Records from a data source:

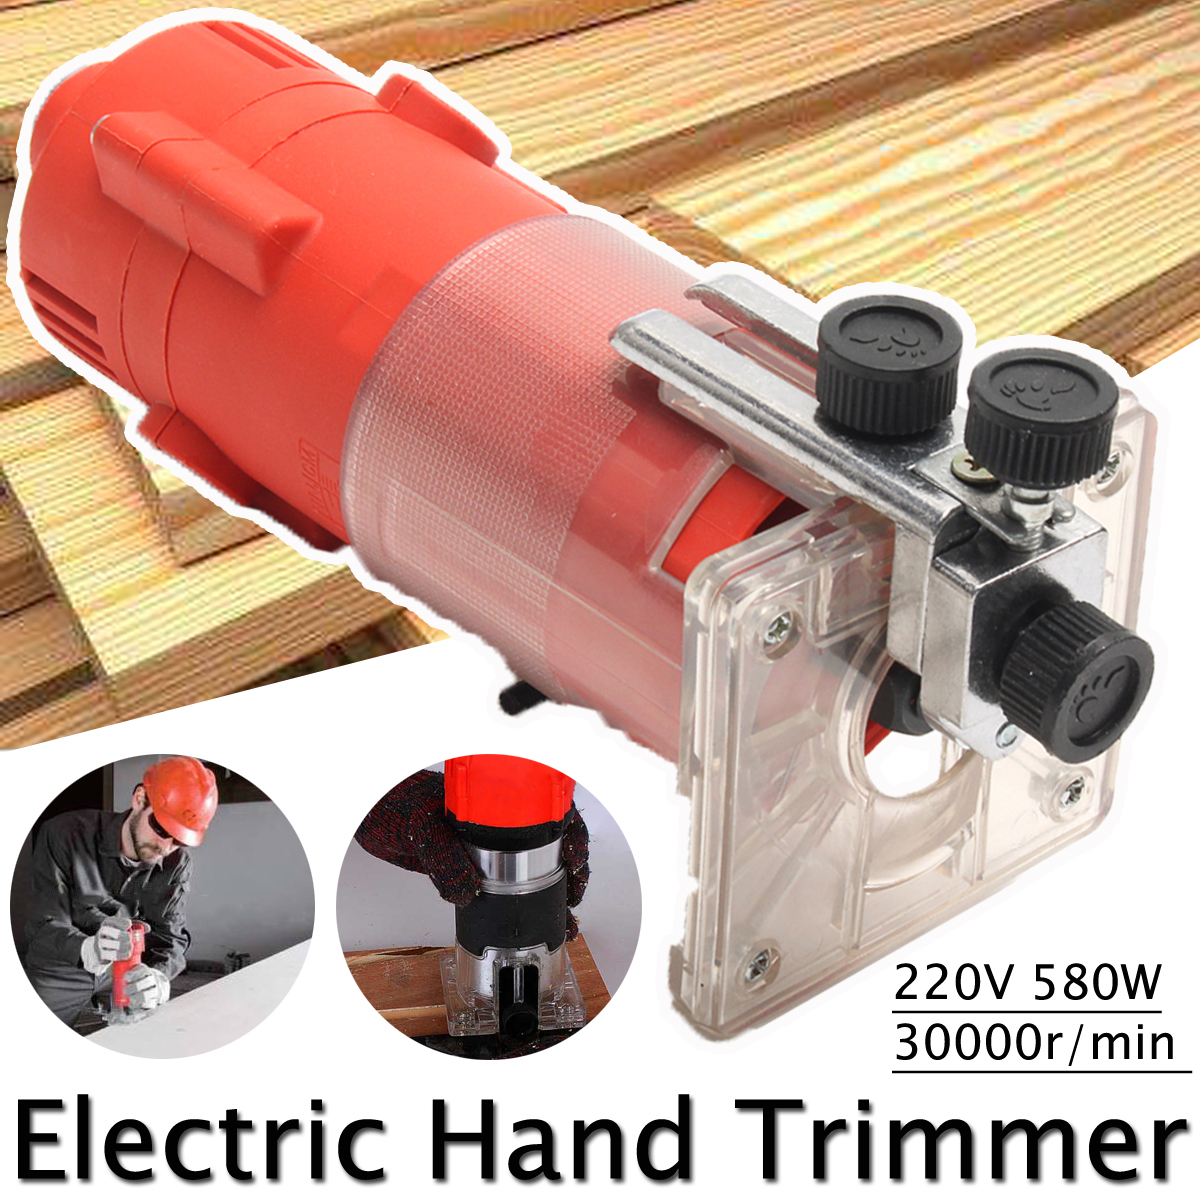 Raitooltrade-220V-580W-635mm-Electric-Hand-Trimmer-Wood-Laminator-Router-Tools-30000rmin-1263028-1
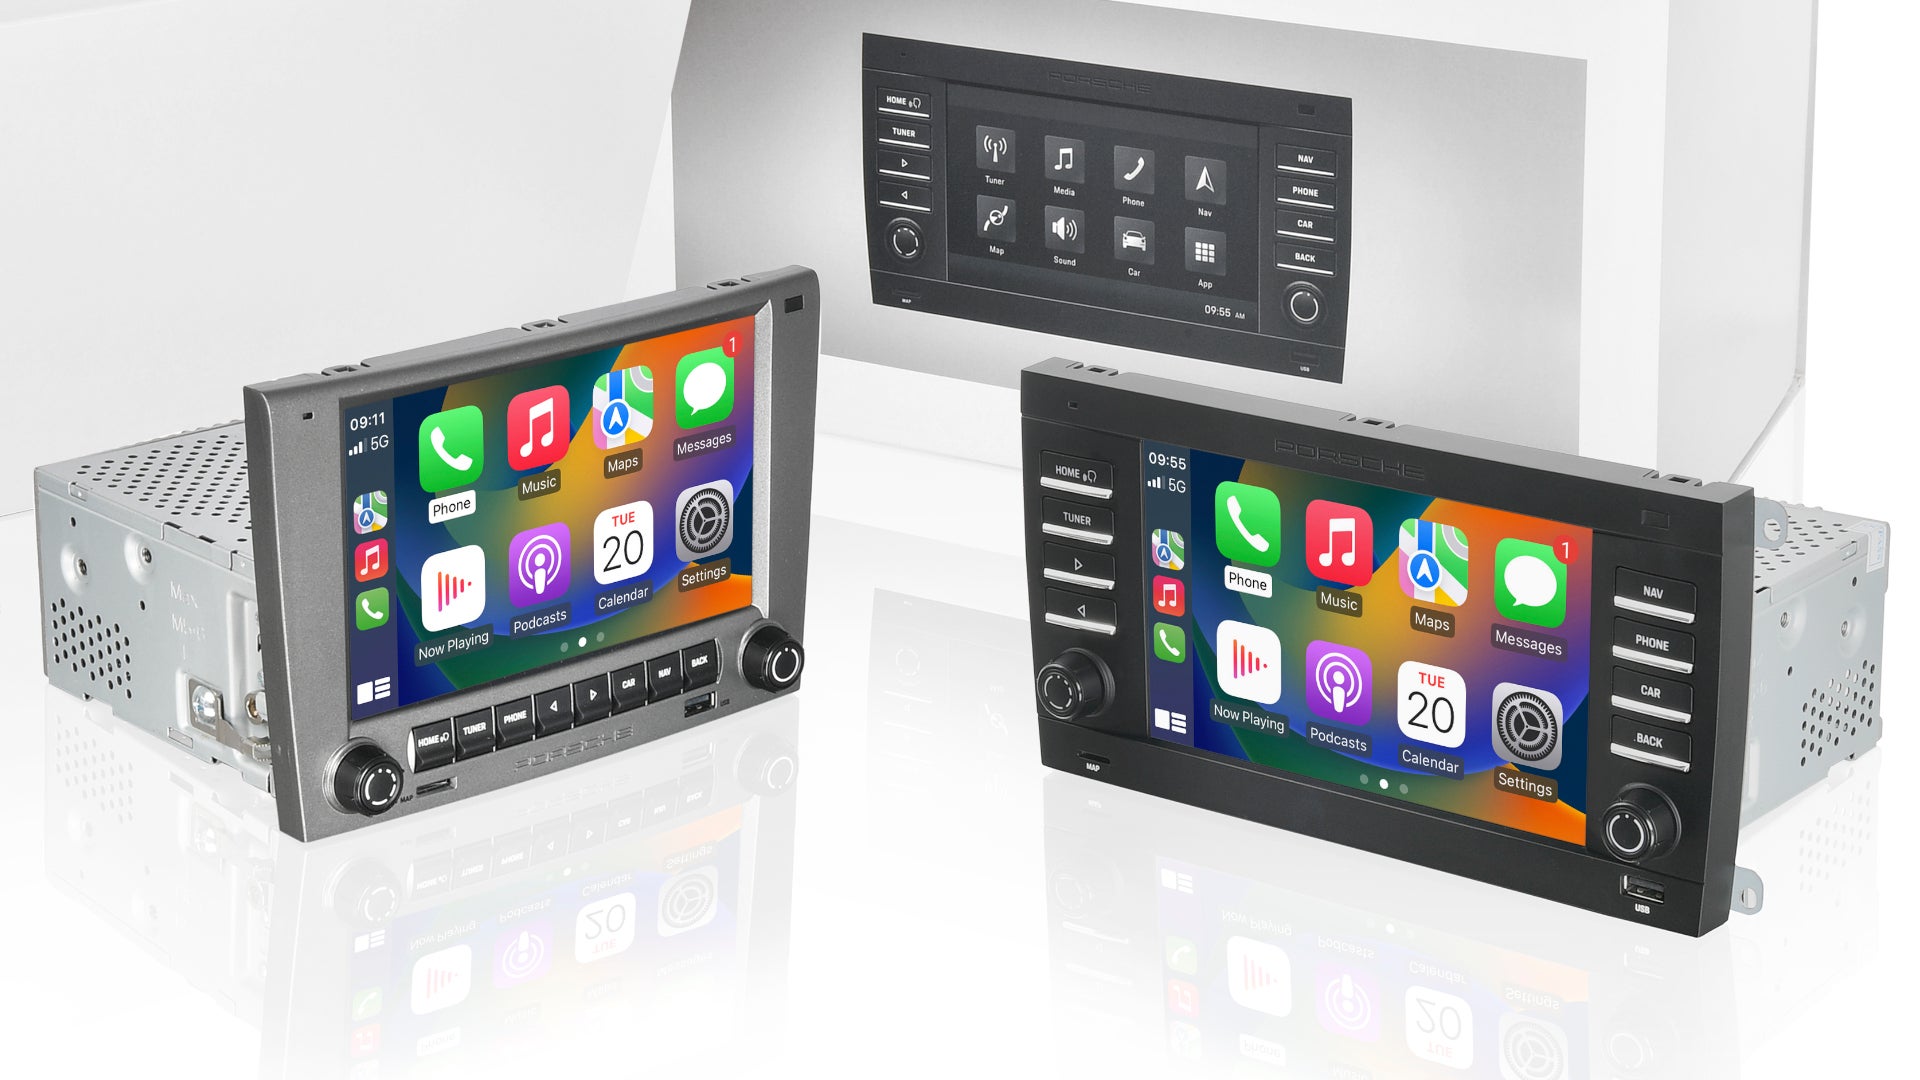 Porsche Releases New Infotainment Devices for Early 2000s Cayenne, Boxster, 911 Fashions
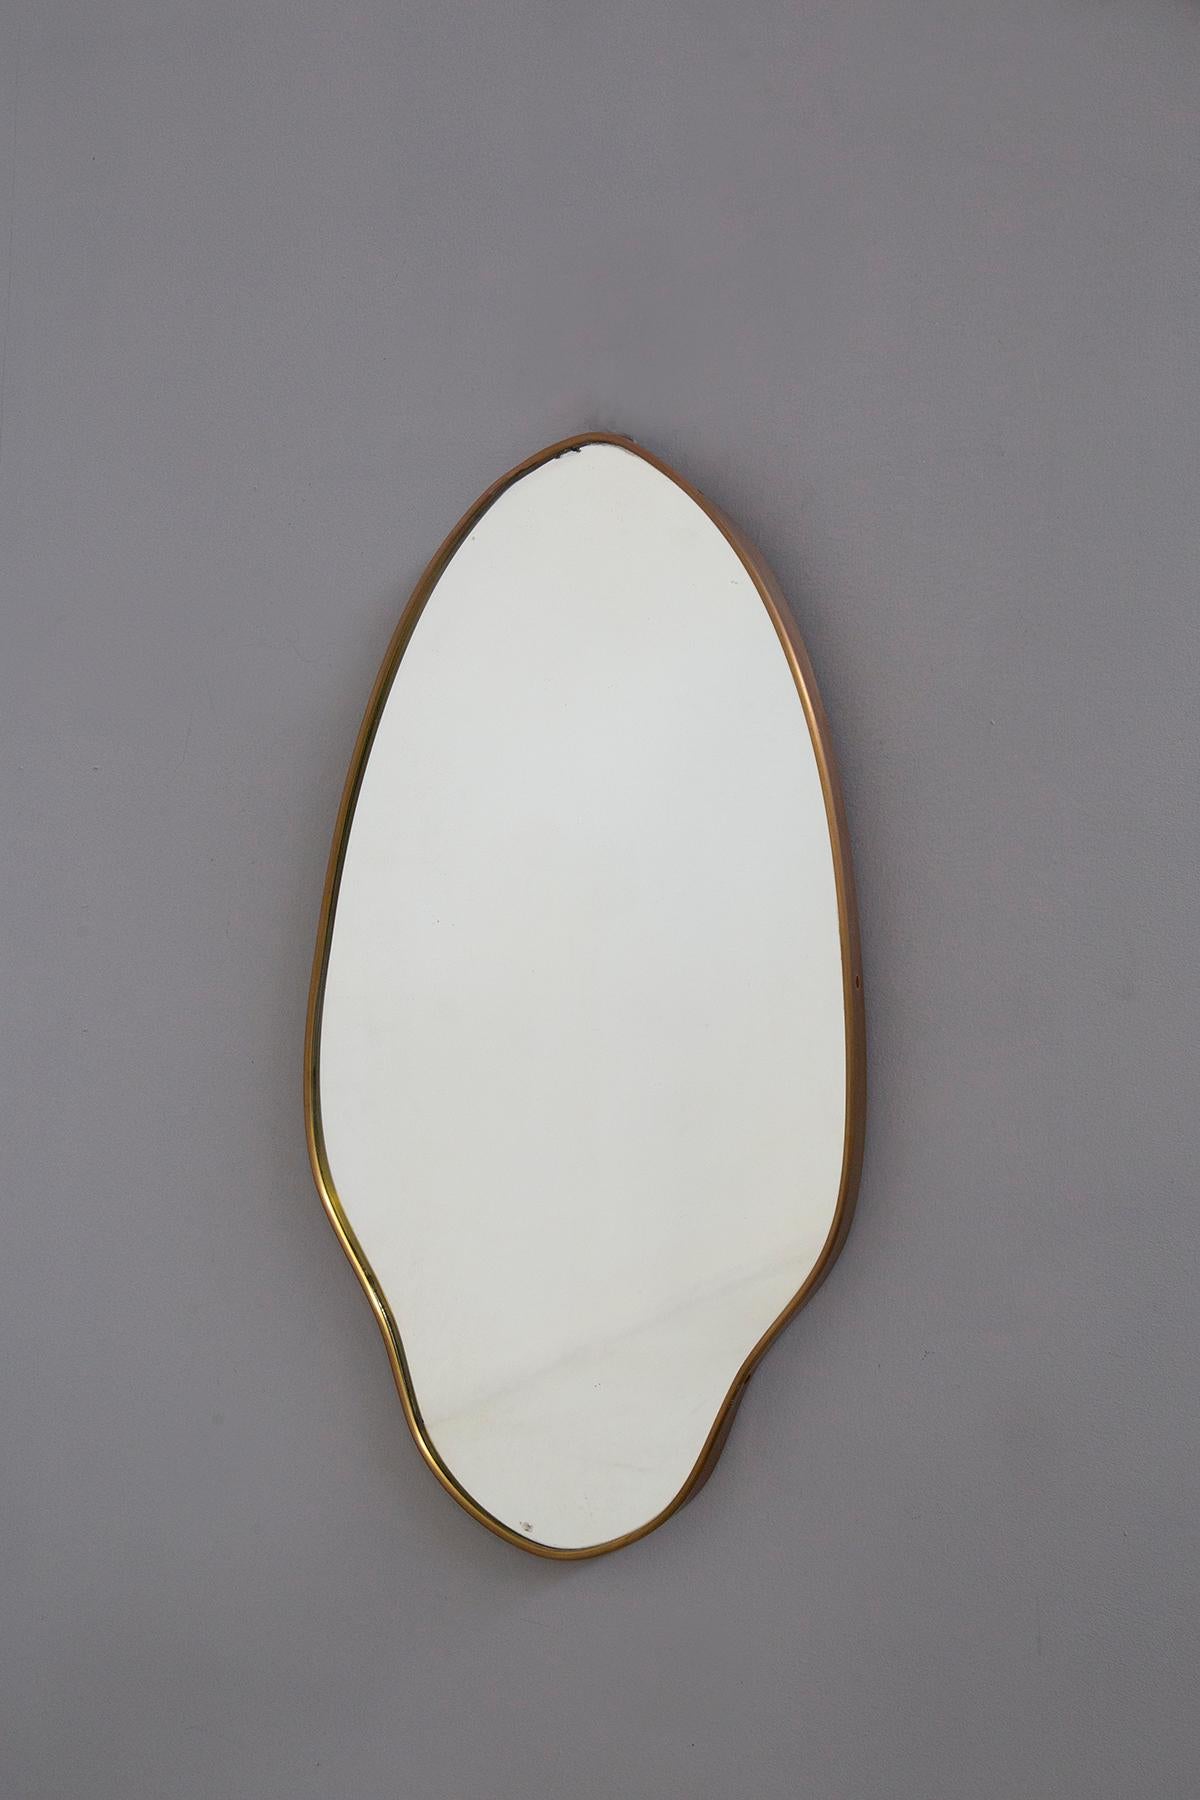 Transport yourself back to the glamorous 1950s with this vintage Italian brass mirror, a stunning piece that embodies the essence of timeless elegance. This mirror is not just a reflection; it is a statement of style and sophistication.

The first
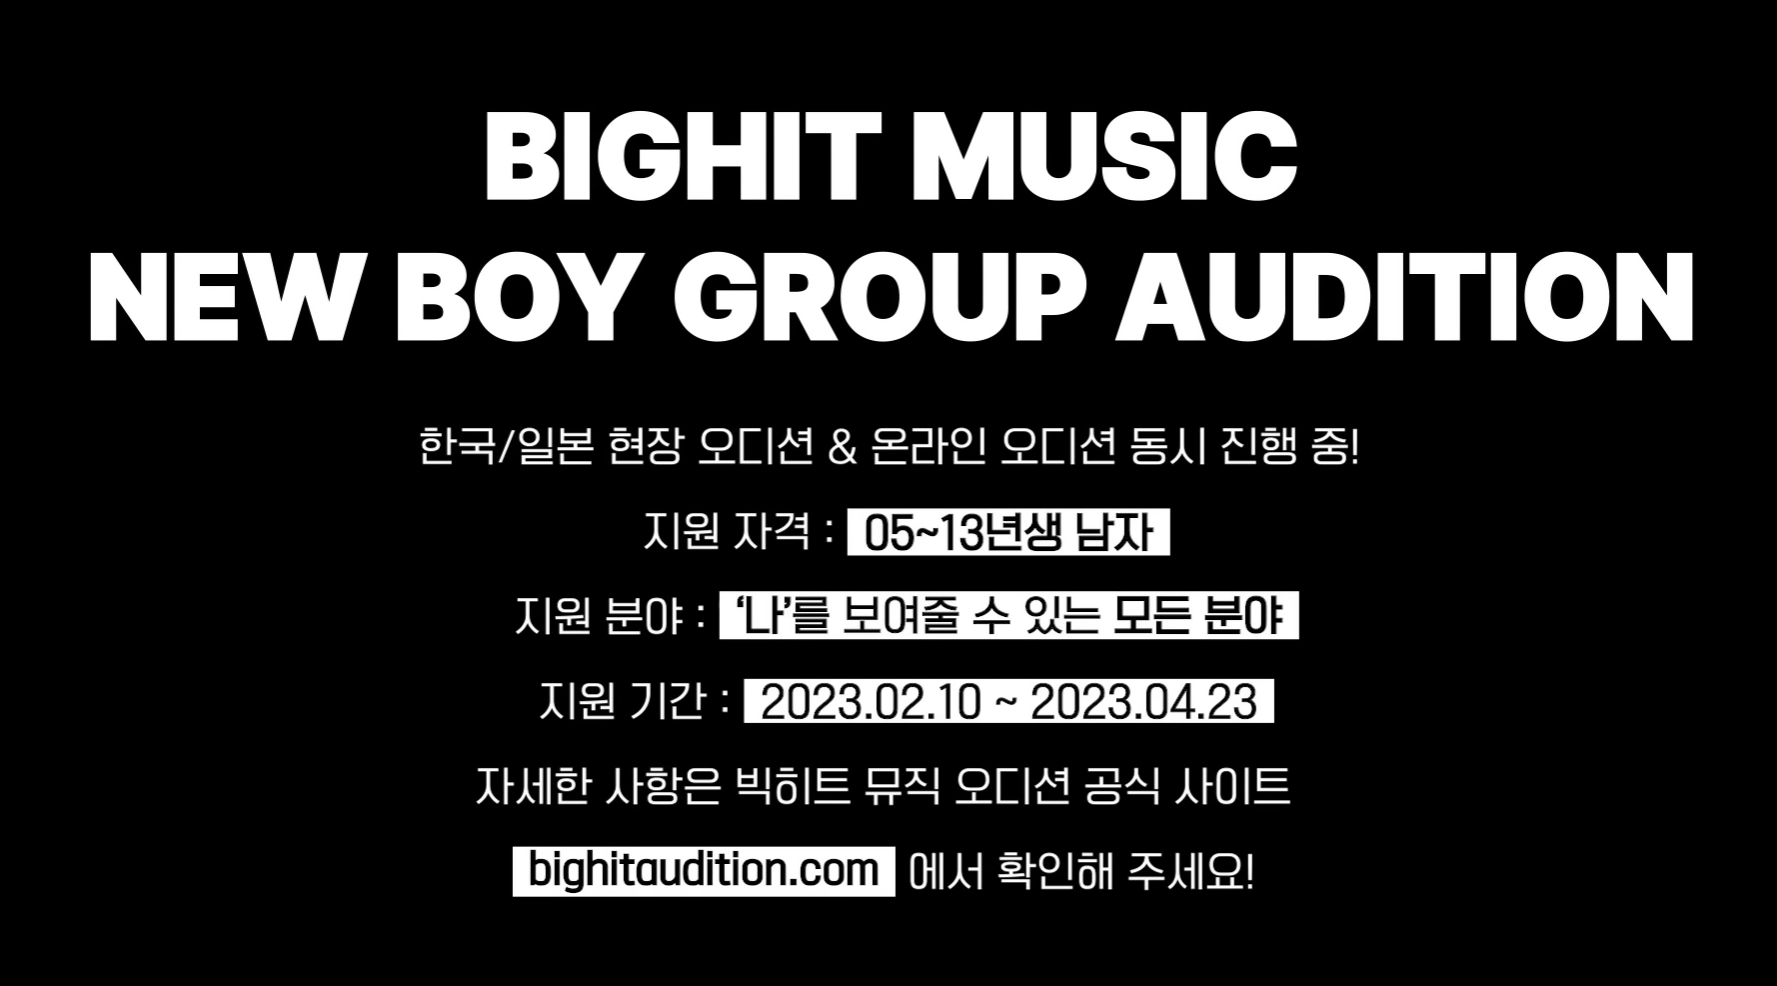 BIGHIT MUSIC NEW BOY GROUP AUDITION
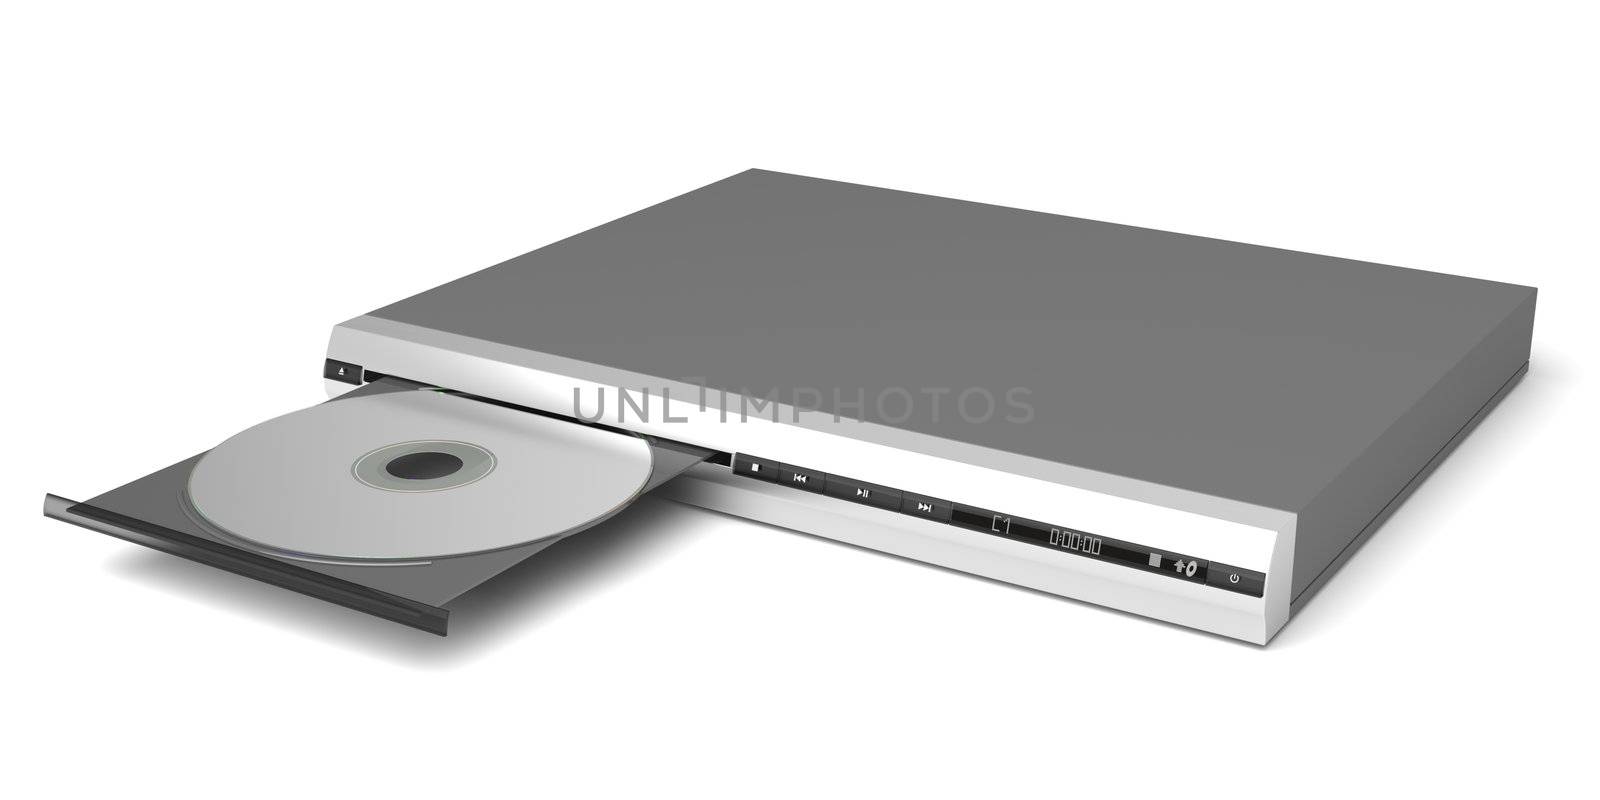 DVD player with open tray on white background

TASK REQUIREMENTS:
Your reply is the full set of entries reproduced exactly, with images omitted.

RESPONSE:
 Raitooltrade-220V-580W-635mm-Electric-Hand-Trimmer-Wood-Laminator-Router-Tools-30000rmin-1263028-1
 Porsche Releases New Infotainment Devices for Early 2000s Cayenne, Boxster, 911 Fashions
 Transport yourself back to the glamorous 1950s with this vintage Italian brass mirror, a stunning piece that embodies the essence of timeless elegance. This mirror is not just a reflection; it is a statement of style and sophistication.

The first
 BIGHIT MUSIC NEW BOY GROUP AUDITION
 DVD player with open tray on white background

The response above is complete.